Vous parlez de Big Bang fiscal mais l’État belge n’a plus de marge de manœuvre alors que le déficit et l’endettement explosent de manière historique…
Oh, en Belgique, on a une certaine expérience en termes de dette énorme à gérer… Mais, pour la première fois depuis que l’on est dans l’euro, on va dépasser de beaucoup les 100 % du PIB de dette publique, c’est vrai. Pour être clair, les marges sont inexistantes. Il va falloir être créatif et travailler à mobiliser les fonds privés et publics en même temps sur de nouveaux projets. Il va falloir réorganiser l’État, les services à la population… Mais augmenter les impôts pour combattre l’endettement n’est pas la bonne réponse. La bonne réponse, c’est la relance économique qui générera suffisamment de moyens par la suite.
"La décroissance qu’on nous vend à gauche, c’est ce que nous vivons aujourd’hui"

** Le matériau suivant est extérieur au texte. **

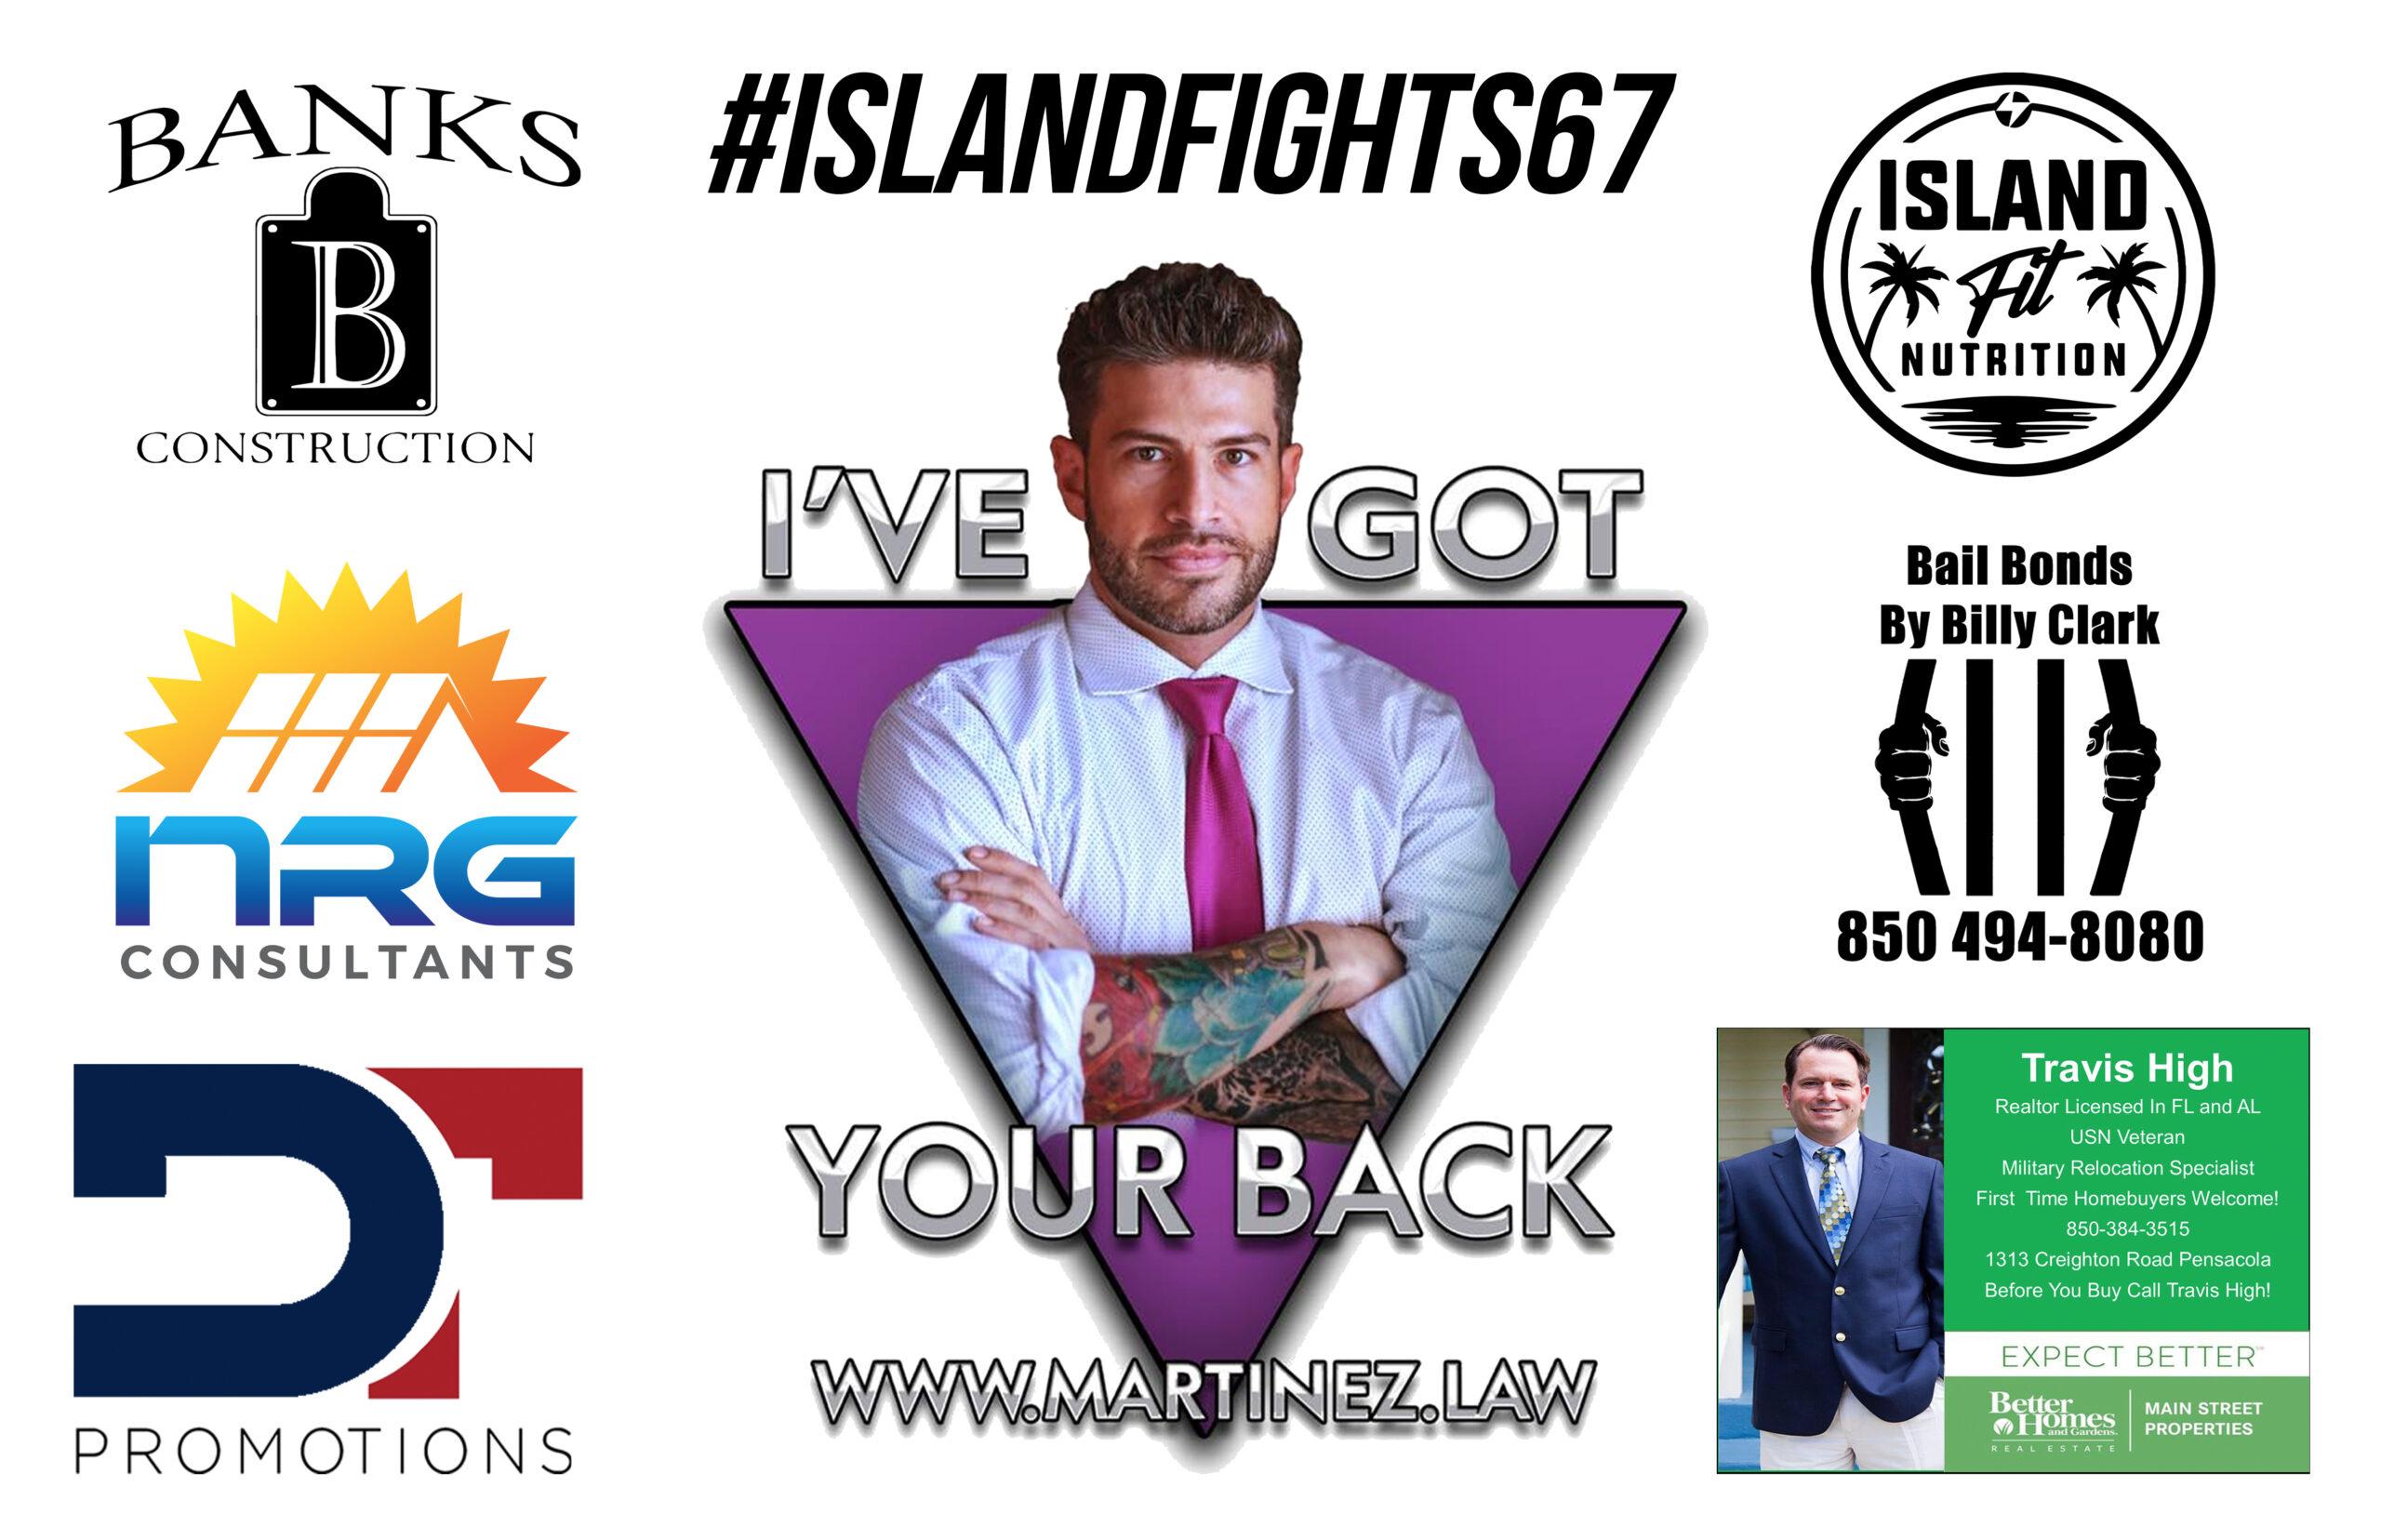 Island Fight Fightcard

Le modèle actuel, basé sur la croissance économique, n’est-il pas à bout de souffle ?
La décroissance qu’on nous vend à gauche, c’est ce que nous vivons aujourd’hui. Le résultat, c’est la récession, la perte de richesse. Et tout le monde se tourne désormais vers l’État pour essayer d’avoir un chèque et une aide. On nous annonce une récession de 2 à 3 % en Europe : cela veut dire qu’on sera individuellement, en moyenne, plus pauvre de 2 à 3 %. Au MR, au contraire, on veut relancer la machine. On va profiter de cette crise pour lancer de grands projets dans des secteurs clefs. La Belgique est l’un des pays d’Europe avec le plus haut taux d’épargne. Il faut permettre aux citoyens d’utiliser cette épargne pour acheter des obligations permettant à l’État d’agir en partenariat avec le privé.

Vu le trou abyssal dans les caisses publiques, les projets de taxation du patrimoine en général, boursier ou immobilier, vont revenir sur la table. Est-ce une option pour le MR ?
On peut en discuter à une condition : que l’on baisse la fiscalité sur les classes populaires et moyennes, que l’on baisse la fiscalité sur le travail. Le problème avec la gauche, c’est que, lorsqu’elle vient avec une idée d’impôt, c’est en plus de tout le reste. La volonté du MR est de ne pas augmenter le volume fiscal global. Si l’on augmente les impôts, le seul effet sera de faire redémarrer l’économie belge après celle des autres pays. Mais notre modèle va devoir évoluer. En ce moment, je fais étudier par les services du parti une série de concepts : allocation universelle, globalisation des revenus…
En cas de crise, on en revient toujours à l’État. Réduire la sphère publique, comme le défendent certains penseurs libéraux, est-il souhaitable malgré tout ?
Les libéraux belges n’ont jamais été contre l’État. Nous avons toujours été en faveur de la régulation. Mais on ne peut pas dire, dans un pays où plus de 50 % du PIB relève de dépenses publiques, qu’on a désinvesti au niveau de l’État…
La Banque centrale européenne (BCE) fait marcher la planche à billets. Elle injecte beaucoup de liquidités dans nos économies. Y a-t-il un risque d’hyperinflation ?
Le vrai risque, ce n’est pas l’inflation, c’est la "stagflation" : pas de croissance mais augmentation des prix. Ce serait catastrophique pour les gens qui s’appauvriraient. C’est un risque réel, c’est le pire des scénarios. Je ne pense pas qu’on va le connaître. Le schéma actuel n’est pas lié à un manque de confiance, à un scandale de production, à la faillite de grandes institutions… Il y a des milliers d’investisseurs dans le monde qui sont morts de faim et qui sont prêts à appuyer sur le champignon une fois que l’élément perturbateur actuel aura disparu. L’enjeu d’aujourd’hui, c’est de permettre la relance très vite et éviter les faillites entre-temps.